▶ **COLLECTED DATA**:
******
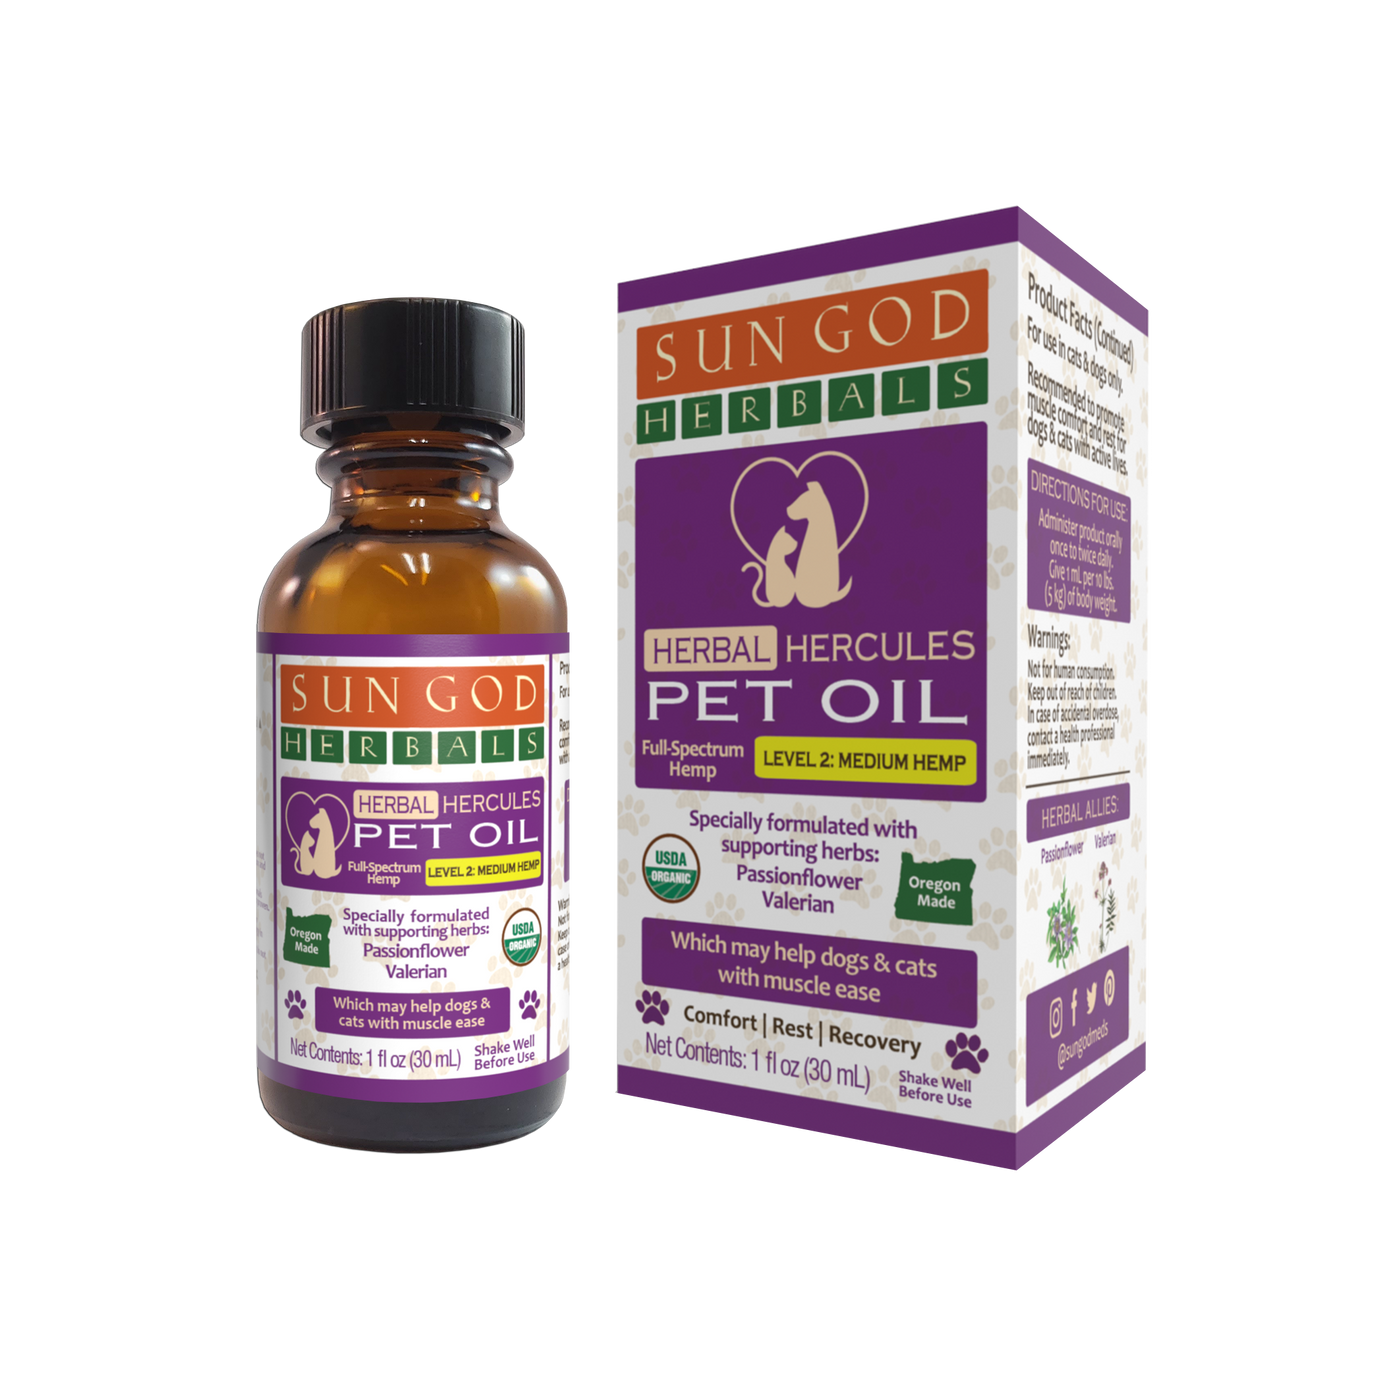 Organic Hercules Muscle Relief Hemp Pet Oil - Sun God Medicinals
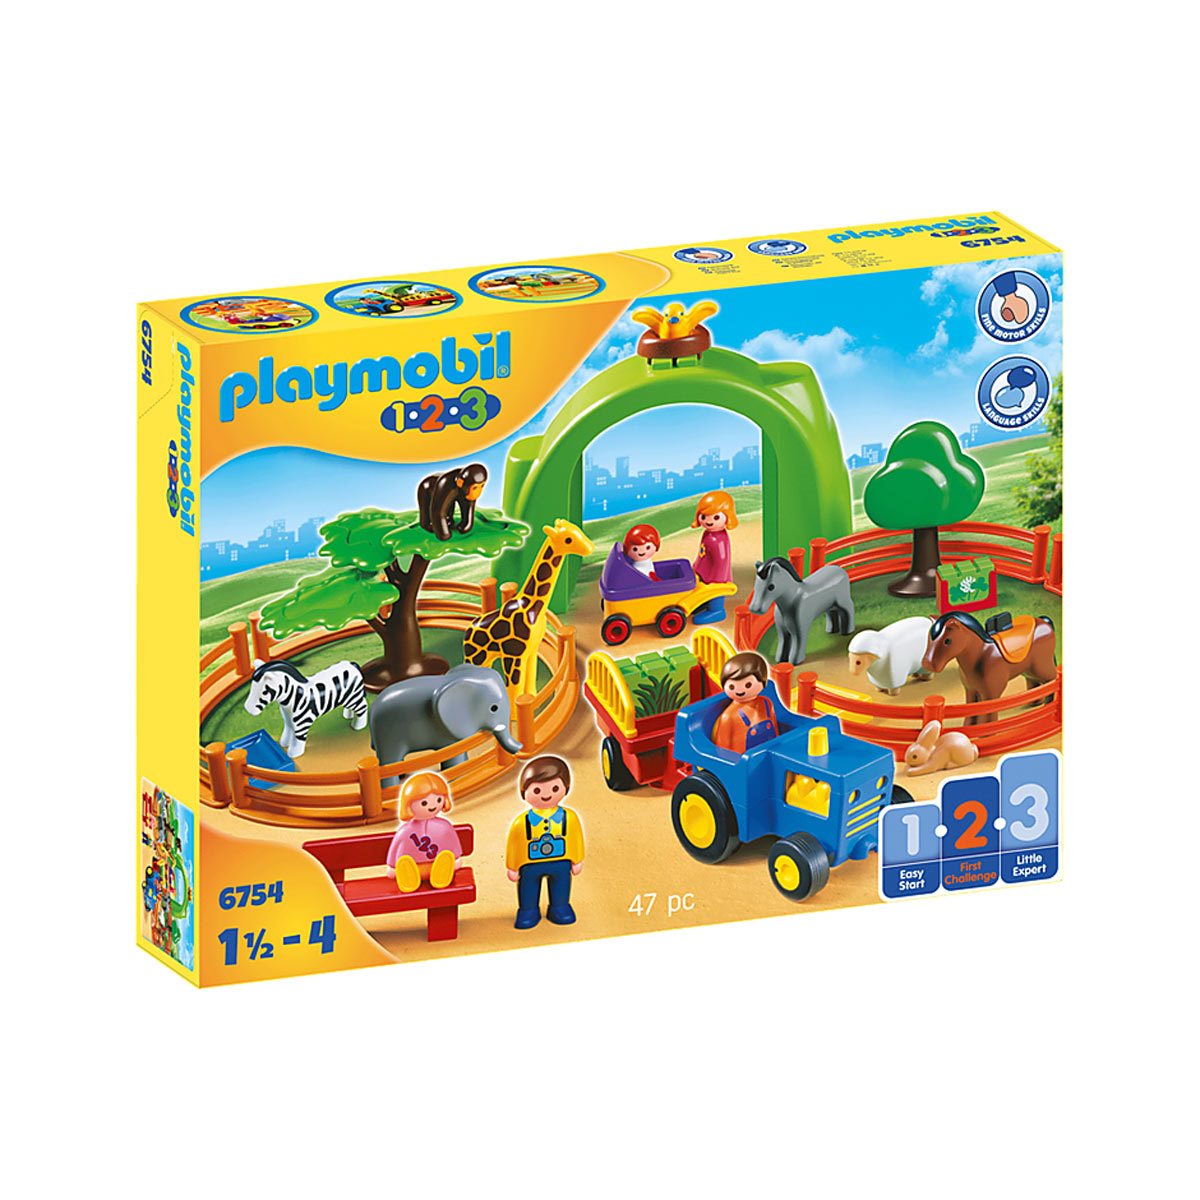 Grand zoo Playmobil 123 - Playmobil
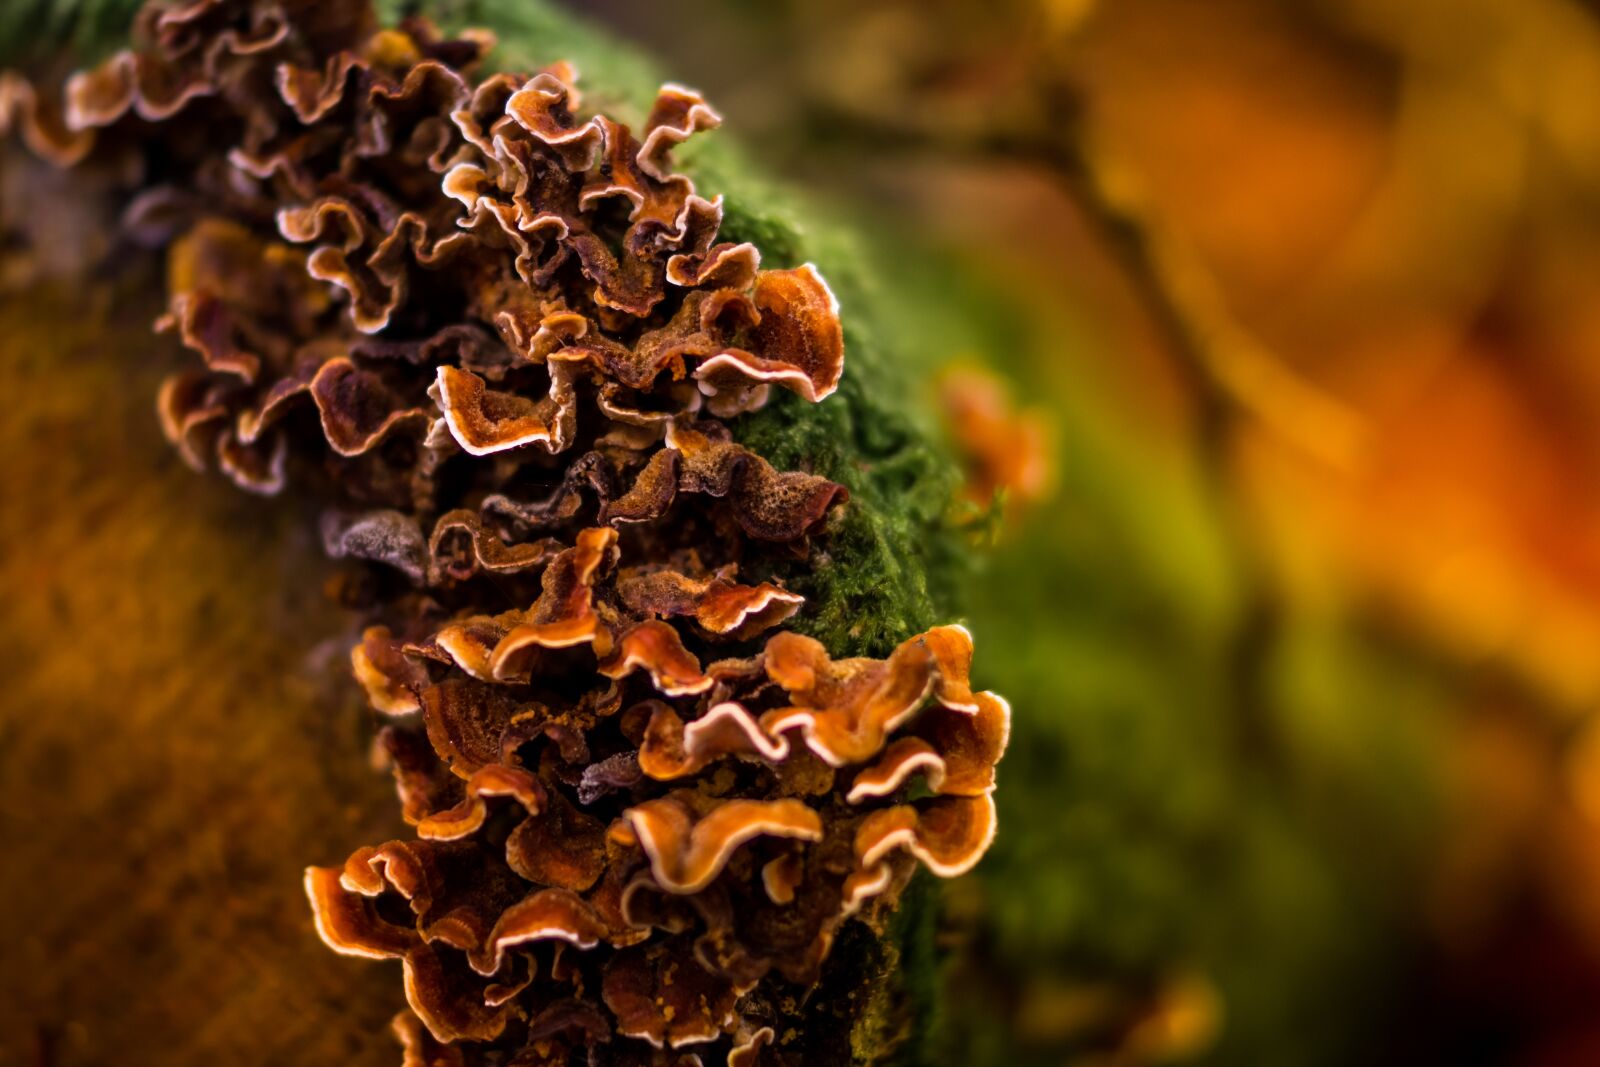 Sony SLT-A58 + Sony DT 35mm F1.8 SAM sample photo. Tree fungus, mushroom, nature photography
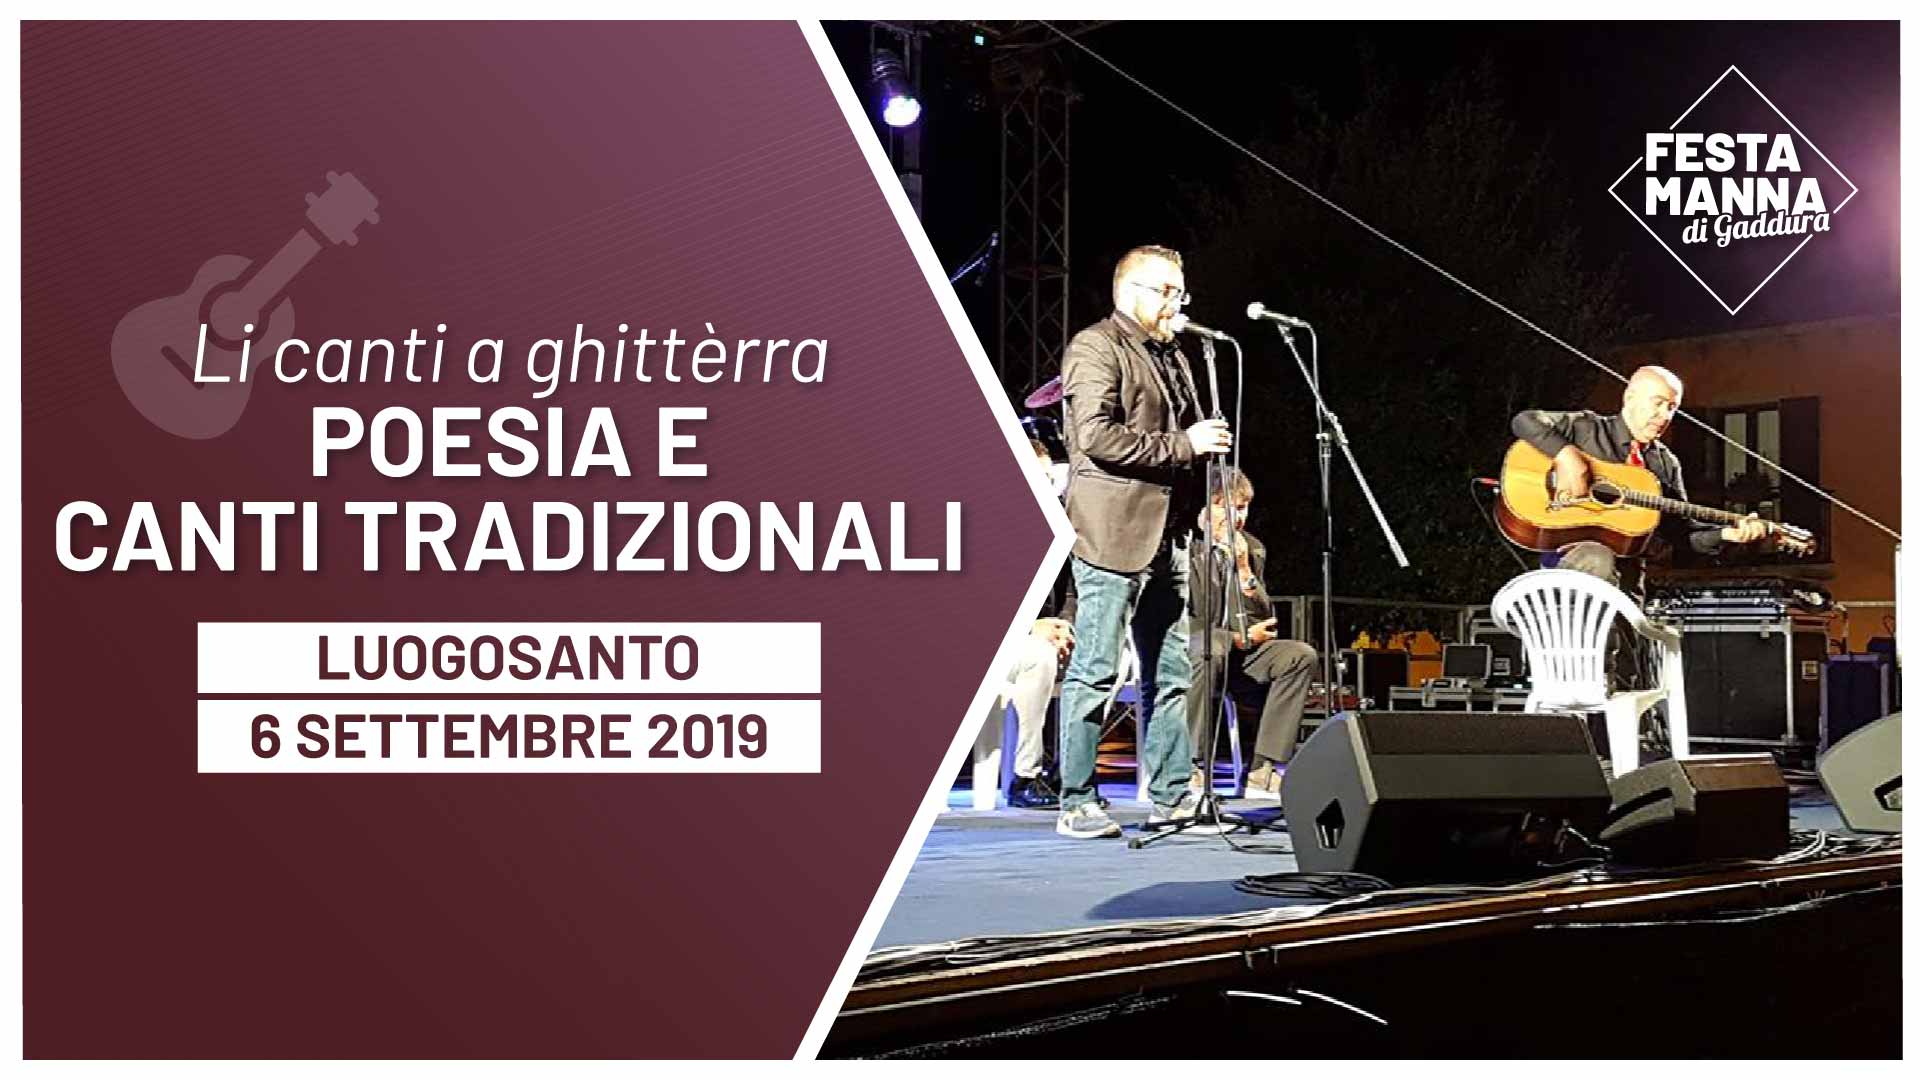 "Li canti a ghittèrra" música y canto tradicional gallurese | Festa Manna di Gaddura 2019
******
Everything in the preceding material must be transcribed exactly, except the images.

▶ **THE ANSWER**:
 Organic Hercules Muscle Relief Hemp Pet Oil - Sun God Medicinals
 Grand zoo Playmobil 123 - Playmobil
 Sony SLT-A58 + Sony DT 35mm F1.8 SAM sample photo. Tree fungus, mushroom, nature photography
 "Li canti a ghittèrra" música y canto tradicional gallurese | Festa Manna di Gaddura 2019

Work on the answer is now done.